How can I partially specialise a templated member method of a non-templated class?

Question

I can find plenty of help with partial specialisation of templated classes, but I want to partially specialise a method of a non-templated class.

class TempMembMeth {
  public:
    template<typename T1, typename T2>
    void templMethod1(int);
};

My templated method implementation:

template<typename T1, typename T2>
  void TempMembMeth::templMethod1(int){
  std::cout << "<T1,T2>templMethod1(int)" << '\n';
}

I can fully spec the method OK:

template<>
inline void TempMembMeth::templMethod1<char,char>(int){
    std::cout << "<char,char>templMethod1(int)" << '\n';
}

But how can I do a partial specification?

template<typename T2>
inline void TempMembMeth::templMethod1<char,T2>(int){
    std::cout << "<char,?>templMethod1(int)" << '\n';
}

I get: 'TempMembMeth::templMethod1' : illegal use of explicit template arguments I can't re-define the class with the partially specialised method, since the class is not templated.
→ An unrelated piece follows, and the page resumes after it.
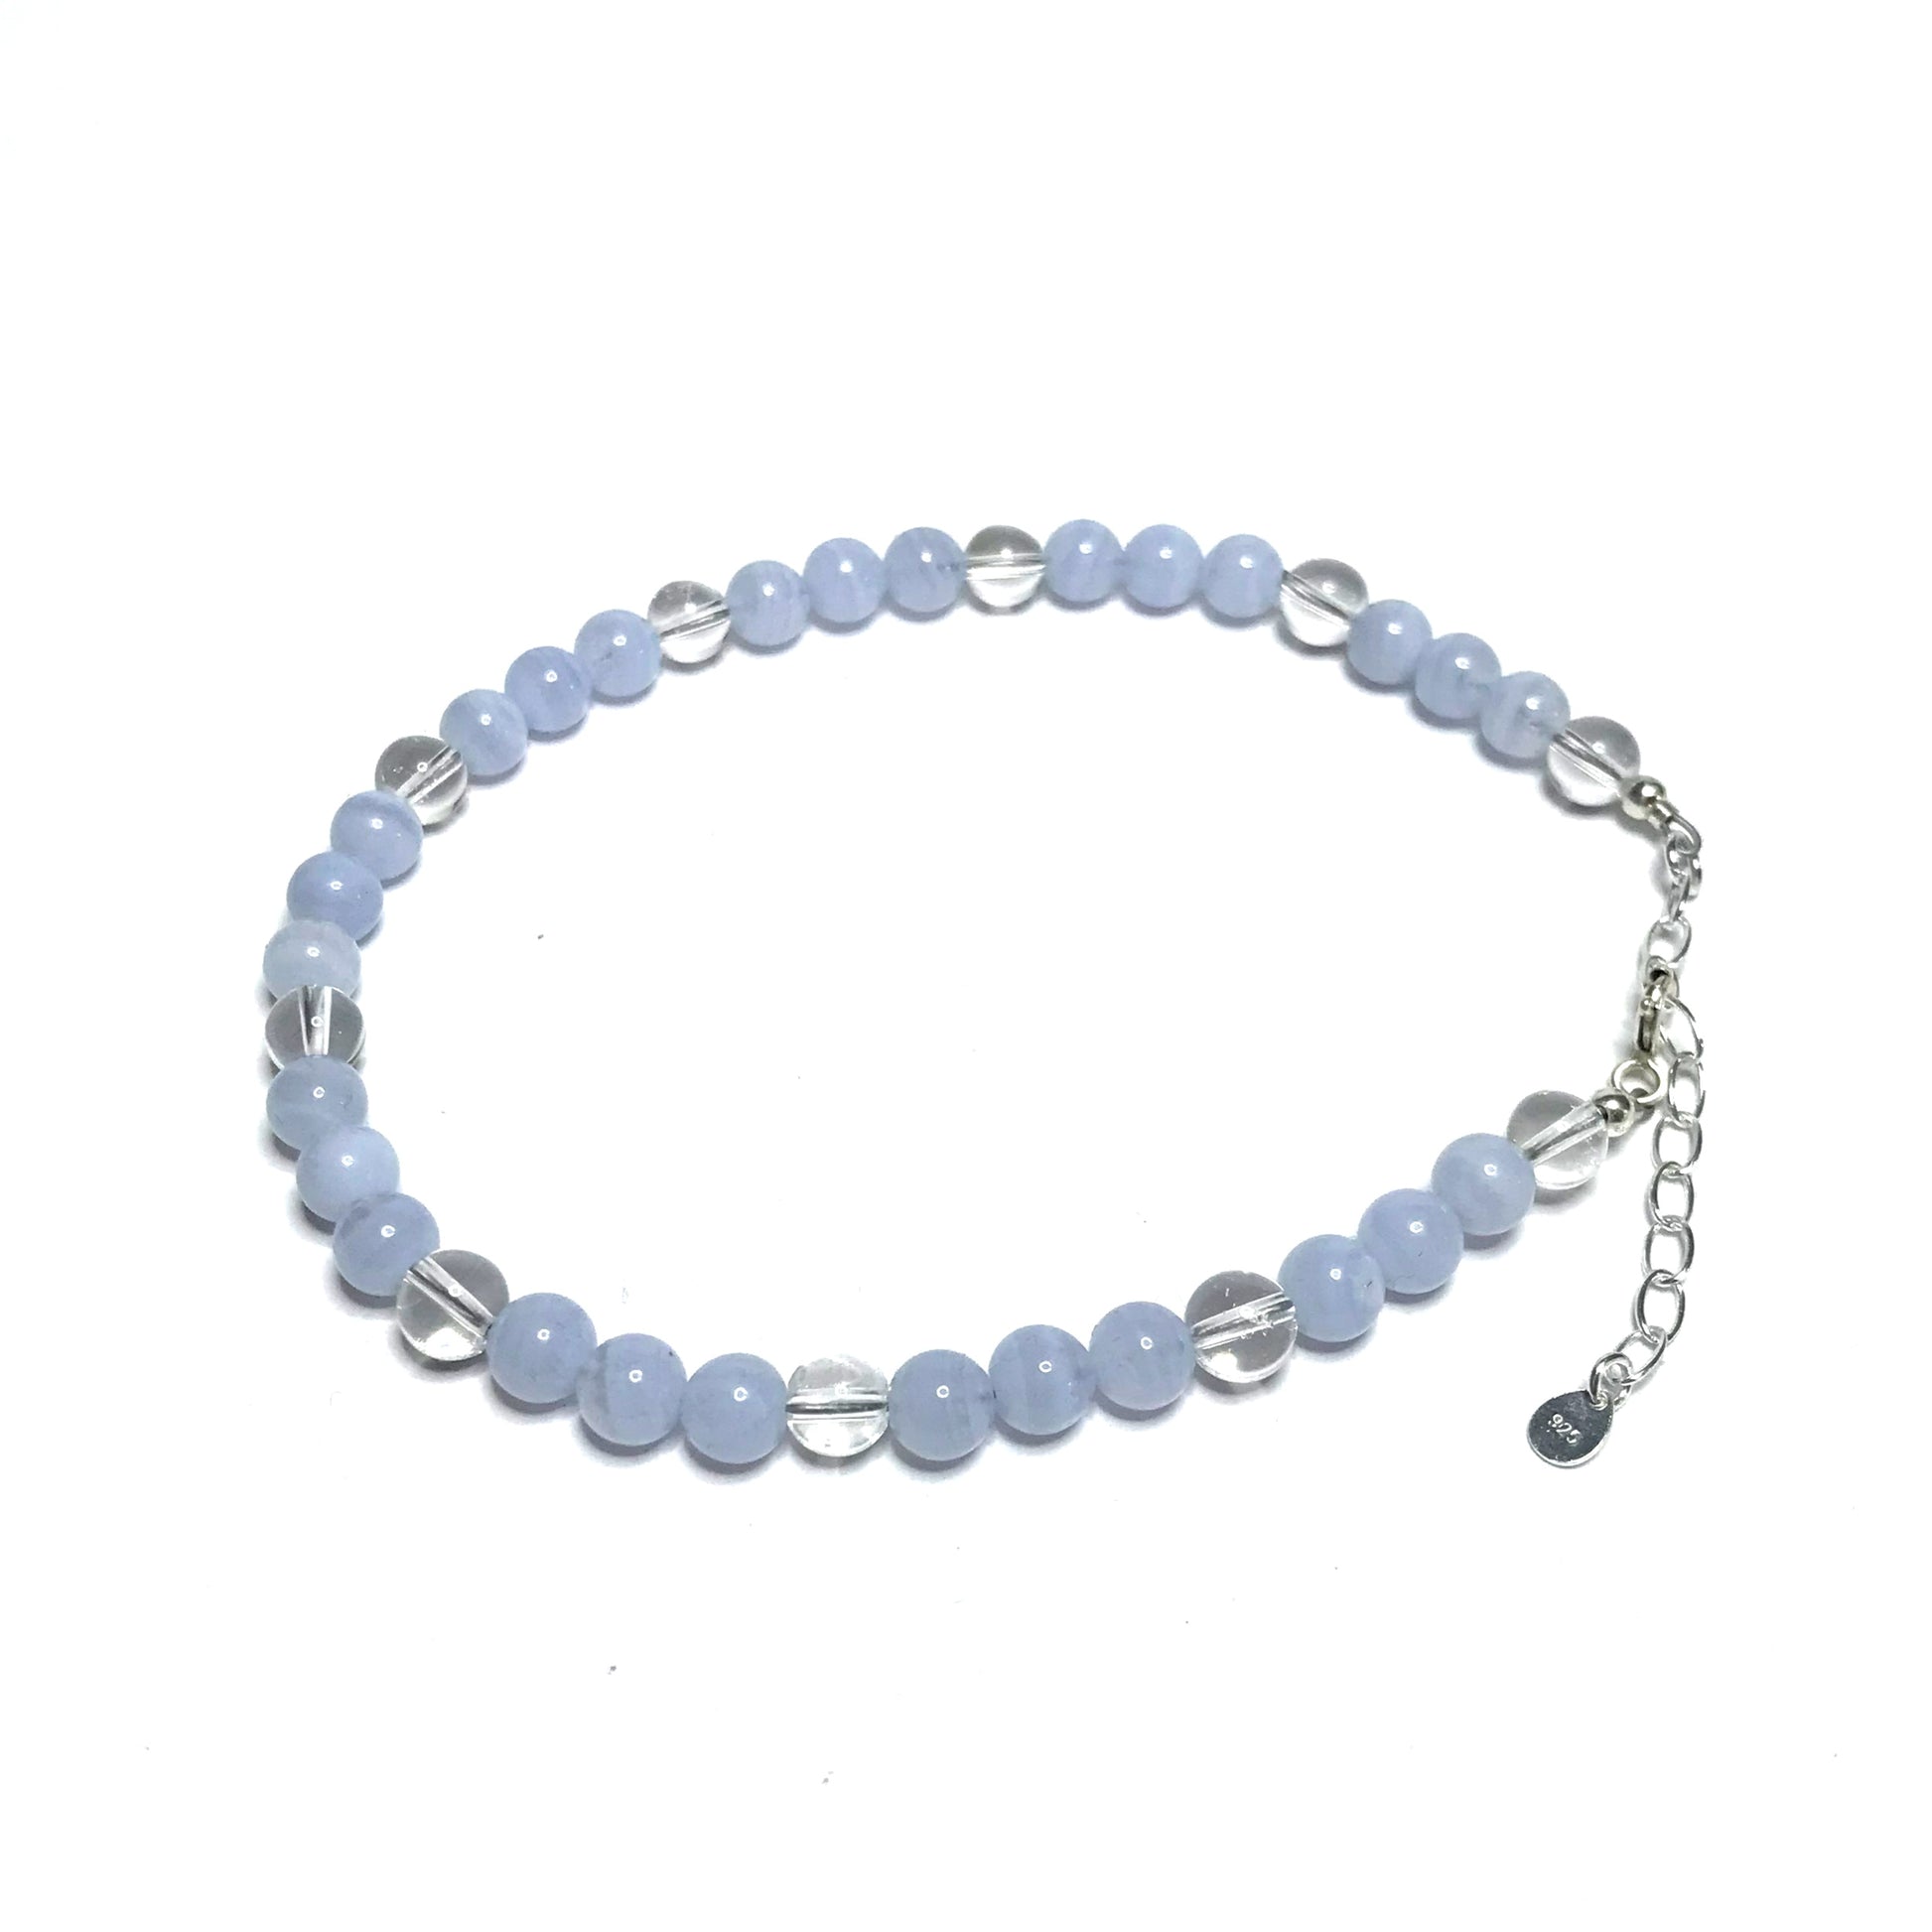 Blue lace agate anklet

Neither will it let me "overload" the templated method within the class - again it complains of illegal use of explicit template arguments.
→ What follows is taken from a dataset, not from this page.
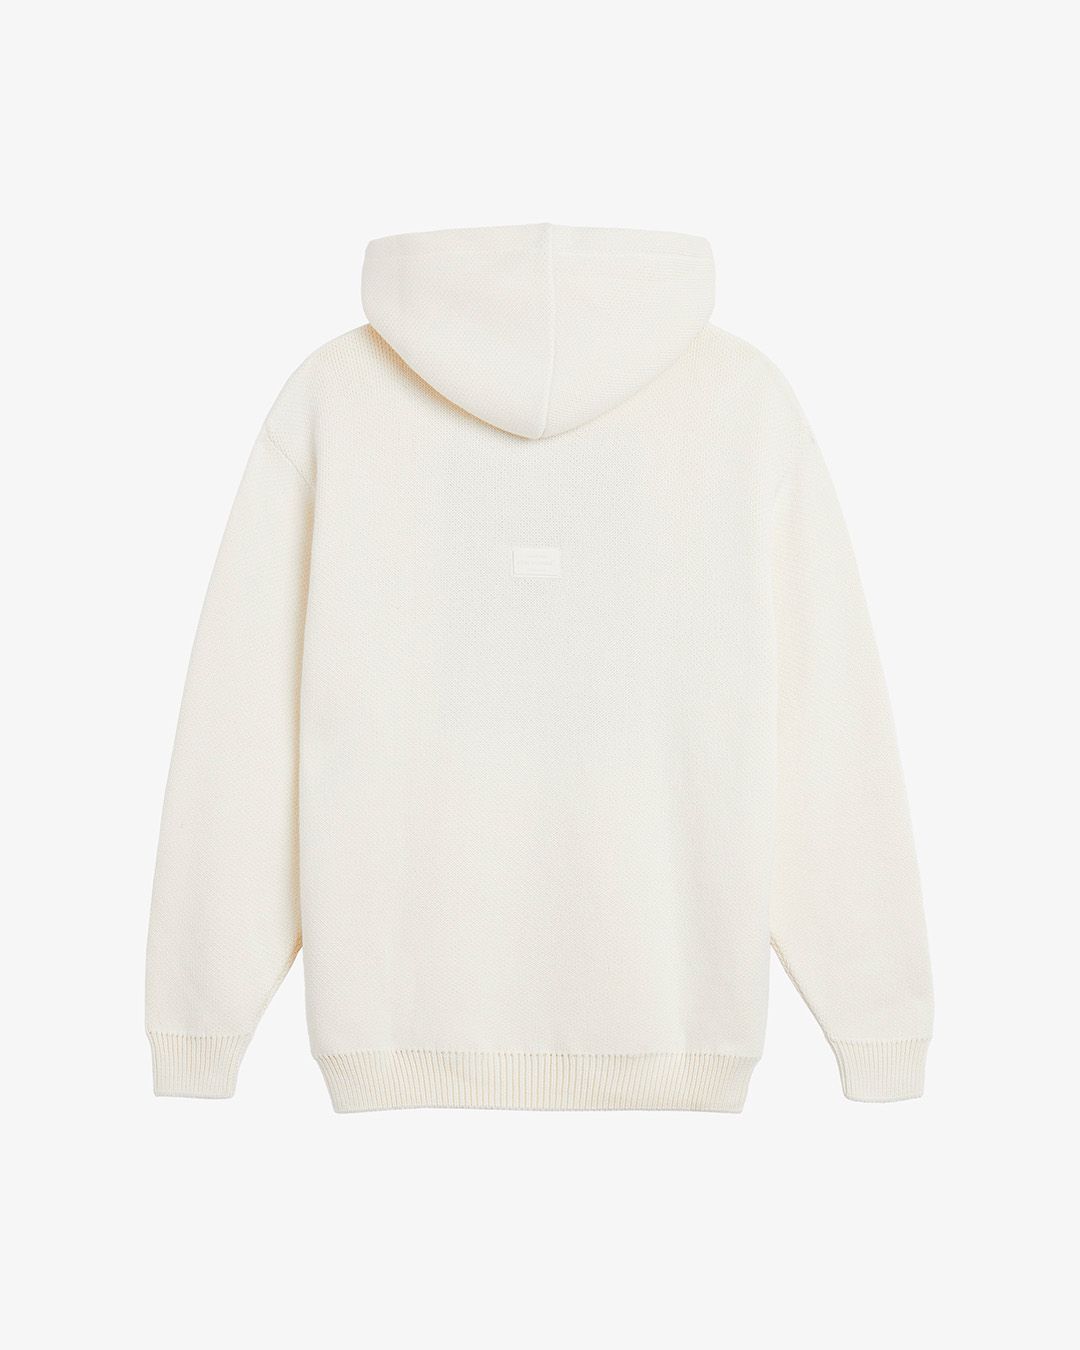 The Knitted Hoodie

So any ideas if this is possible? For the moment I have worked arround it by templating the class, but I wondered if this were possible without a templated class.

Answer 1

As TC commented, you can't partially specialize template functions.
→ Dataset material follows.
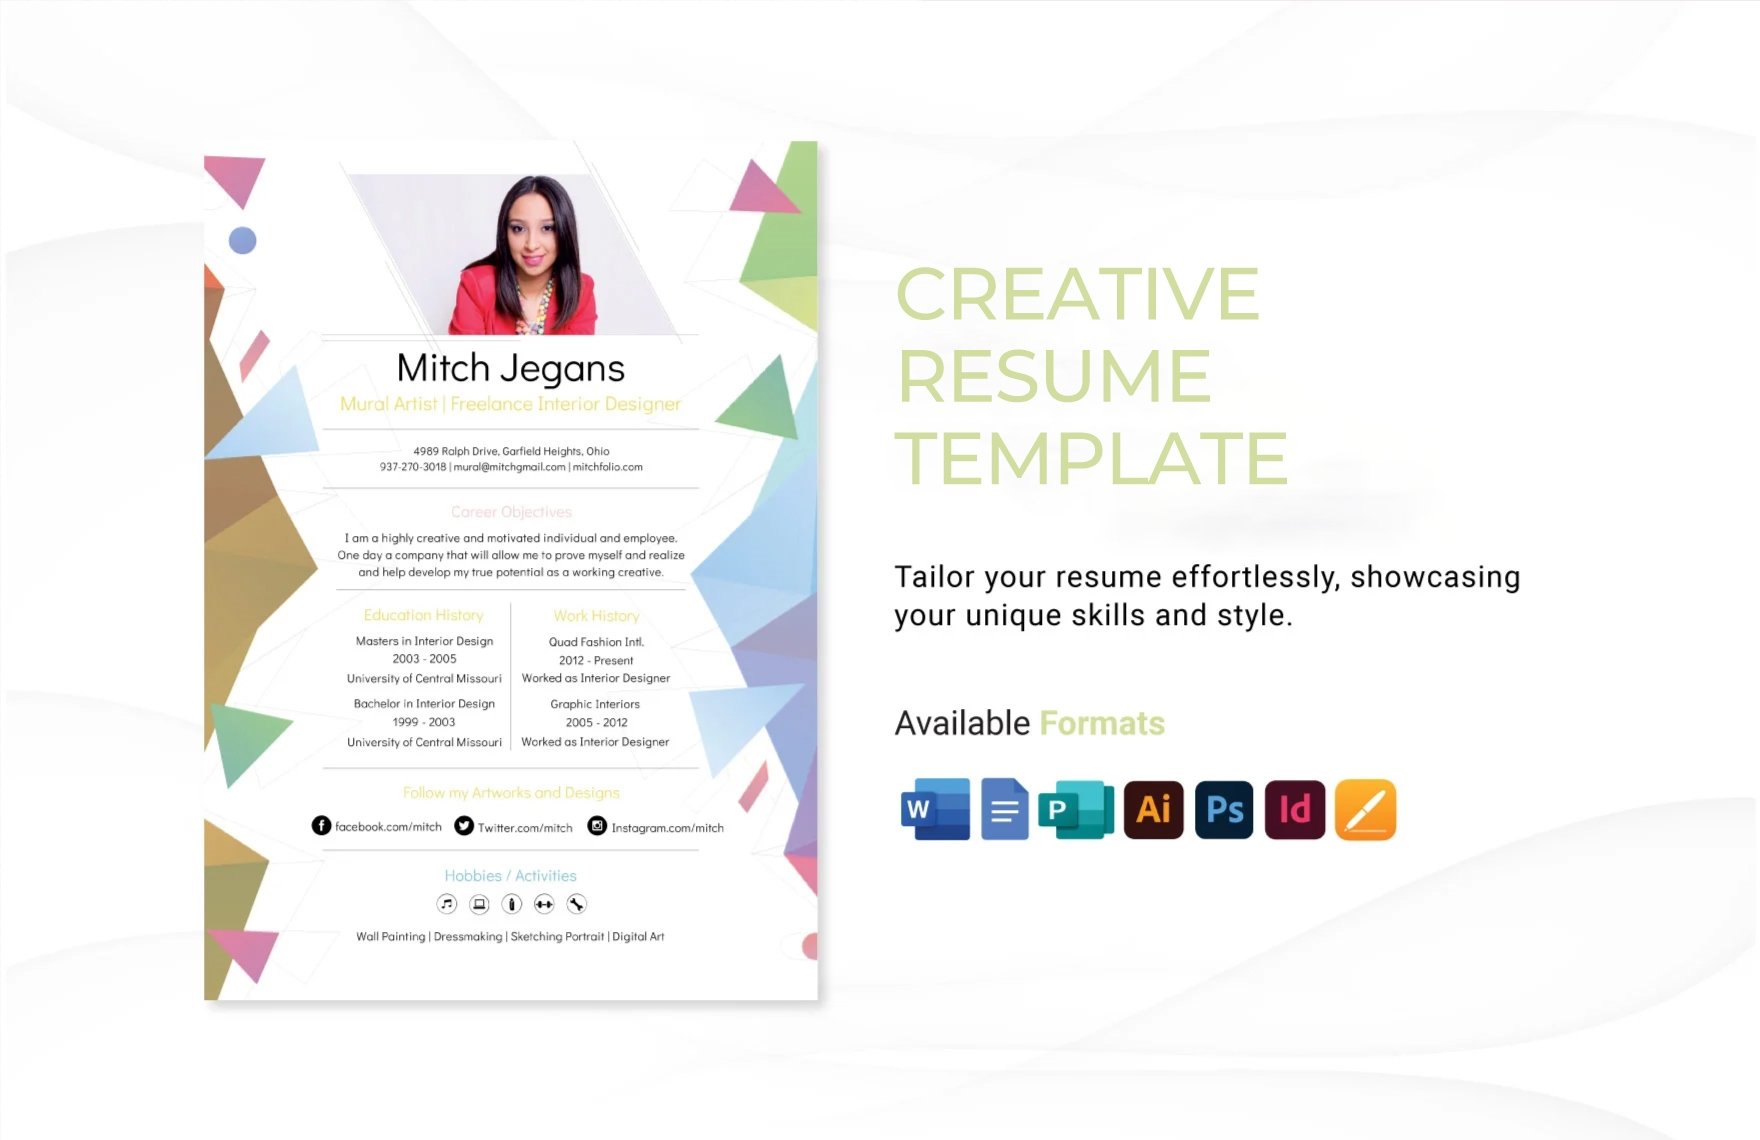 Creative Resume Template in Word, Illustrator, PSD, Apple Pages, Publisher, InDesign

You should use overloading instead. If necessary, you can add some private functions with a Type2Type parameter. Something like:

#include <iostream>

struct Test
{
public:

    template<typename T1, typename T2>
    void templMethod1(int i)
    {
        templMethodImpl(i, Type2Type<T1>(), Type2Type<T2>());
    }

private:

    template<typename T>
    struct Type2Type
    {
        typedef T OriginalType;
    };

    template<class T1, class T2>
    void templMethodImpl(int i, Type2Type<T1>, Type2Type<T2>)
    {
        std::cout << "t1 any, t2 any" << std::endl;
    }

    template<class T2>
    void templMethodImpl(int i, Type2Type<char>, Type2Type<T2>)
    { 
        std::cout << "t1 char, t2 any" << std::endl;
    }

    void templMethodImpl(int i, Type2Type<int>, Type2Type<char>)
    {
        std::cout << "t1 int, t2 char" << std::endl;
    }
};

int main()
{
    Test test;

    test.templMethod1<char, char>(5);
    test.templMethod1<int, char>(5);
    test.templMethod1<char, int>(5);
    test.templMethod1<int, int>(5);
}

Answer 2

As others have already noted, you cannot partially specialize function templates. However, you can use a helper class with almost equal effect.

#include <iostream>

namespace details
{
   // Forward declaration of the helper class.
   template<typename T1, typename T2> struct Helper;
}

class TempMembMeth 
{
  public:

    template<typename T1, typename T2>
    void templMethod1(int arg)
    {
       details::Helper<T1, T2>::doit(this, arg);
    }
};

namespace details
{
   // Implement the helper class and its specializations.
   template<typename T1, typename T2> struct Helper
   {
      static void doit(TempMembMeth* obj, int arg)
      {
         std::cout << "In Helper<T1,T2>::doit()\n";
      }
   };

   template<typename T2> struct Helper<char, T2>
   {
      static void doit(TempMembMeth* obj, int arg)
      {
         std::cout << "In Helper<char,T2>::doit()\n";
      }
   };

   template<> struct Helper<char, char>
   {
      static void doit(TempMembMeth* obj, int arg)
      {
         std::cout << "In Helper<char, char>::doit()\n";
      }
   };
}

int main()
{
   TempMembMeth obj;
   obj.templMethod1<float, int>(10);
   obj.templMethod1<char, double>(20);
   obj.templMethod1<char, char>(30);
   return 0;
}

Output:

In Helper<T1,T2>::doit()
In Helper<char,T2>::doit()
In Helper<char, char>::doit()